Key Figures Third Quarter 2007 (EUR  million, except net loss per share)


   Third quarter                           Nine months ended Sept. 30

2007   2006   Change                       2007     2006     Change


                      Total revenues and
                        other operating
  62.6   29.1   115%        income            137.2     64.5     113%


 (4.5) (21.7)  (79)%       Net loss          (41.2)   (62.7)    (34)%

                      Net loss per share
(0.07) (0.36)         (basic and diluted)    (0.63)   (1.12)

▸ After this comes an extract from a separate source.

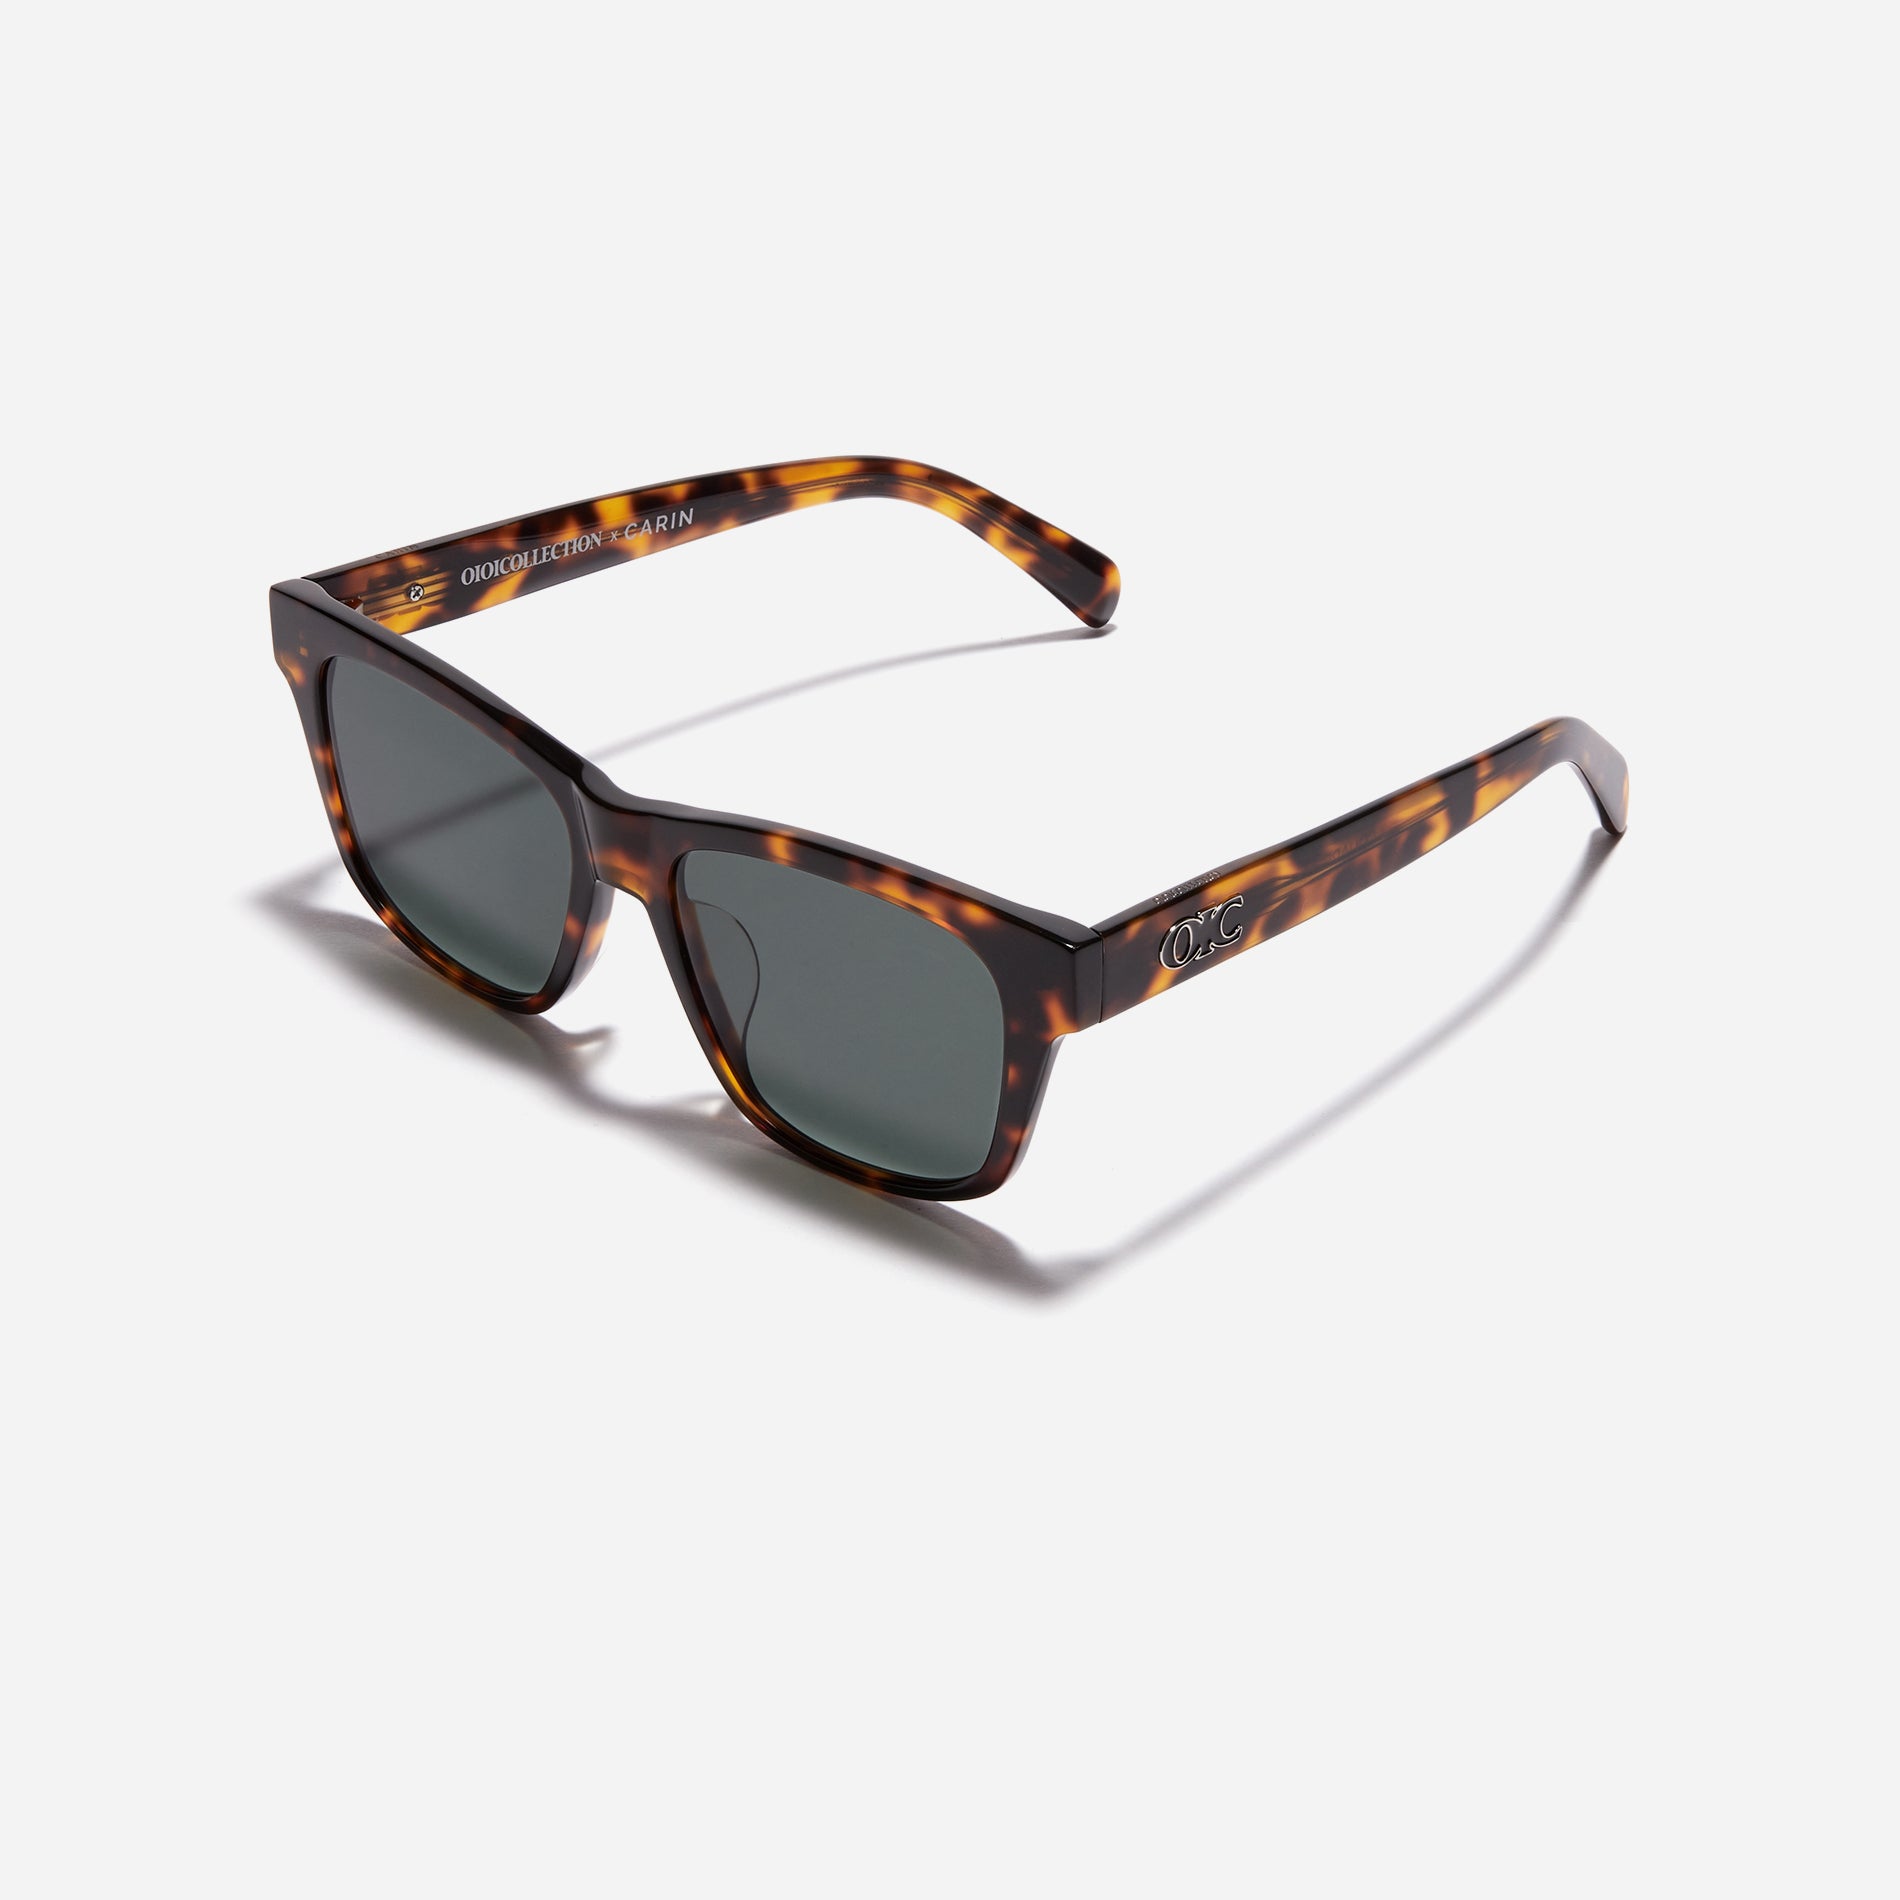 Born from the CARIN x OIOICOLLECTION collaboration, the SQUARE sunglasses are designed with a sleek narrow rim style that gives a modern twist to the '90s retro vibe. The temples showcase a newly redesigned OIC logo emblem, highlighted by a soft color palette, adding a touch of fashion-forward style.

                     Cash & cash equiv.:
                     - Sept. 30,2007          107.0
                     - Dec 31, 2006           157.8


Crucell's Chief Executive Officer Ronald Brus said:

"In the third quarter we achieved solid progress in two of our antibody programs. We discovered a set of human monoclonal antibodies providing immediate protection against pandemic flu and we successfully completed a Phase I study for our rabies human monoclonal antibody study, showing safety and tolerability. For this program we have now been granted a Fast Track designation by the FDA. These programs reflect Crucell's underlying strength in R&D.

"Our third quarter results reflect the momentum we see in the underlying business, where we saw strong sales of Quinvaxem™, our Flu product Inflexal® V and travel vaccines.

"Based on these results, due to the seasonality of our business and our expectations for the fourth quarter, we are reiterating our guidance for combined total revenue and other operating income of EUR 220 to EUR 225 million for 2007. As indicated in the past, we also expect to achieve operational cash break-even for the full year based on higher expected sales and improvements in net working capital at year-end."


Business Update


Clinical Program Update - Vaccines


* Influenza - Seasonal Flu Vaccine (FluCell collaboration with sanofi pasteur): Based on Phase I clinical study results of the PER.C6®-based seasonal influenza vaccine, Crucell's partner sanofi pasteur - the vaccines division of the sanofi-aventis Group - has announced that it has initiated Phase II testing of its cell culture-based seasonal influenza vaccine in the U.S. This project is part of a contract awarded in 2005 by the U.S. Department of Health and Human Services (HHS) aimed at accelerating the development of a new cell culture-based influenza vaccine. Phase II trials involving healthy adult volunteers in the U.S. will focus further on the safety profile and immunogenicity of the cell-based vaccine.

This vaccine was developed using Crucell's PER.C6® technology, which offers sanofi pasteur a promising and reliable production method for seasonal and pandemic influenza vaccines in addition to traditional, proven egg-based production. The production scale potential of the PER.C6® cell line has been demonstrated in a bioreactor of 20,000 liters, suggesting robustness of PER.C6® technology.



* Influenza - Pandemic Virosomal Flu Vaccine H9N2 (based on proprietary Inflexal® V technology): Phase I and II studies have been completed and the results are currently being analyzed. No serious adverse side effects were reported to date. Findings are expected to be released first half of 2008.



* Hepatitis A: Pediatric Epaxal® was licensed earlier this year in Switzerland. The product is currently under registration in selected endemic countries.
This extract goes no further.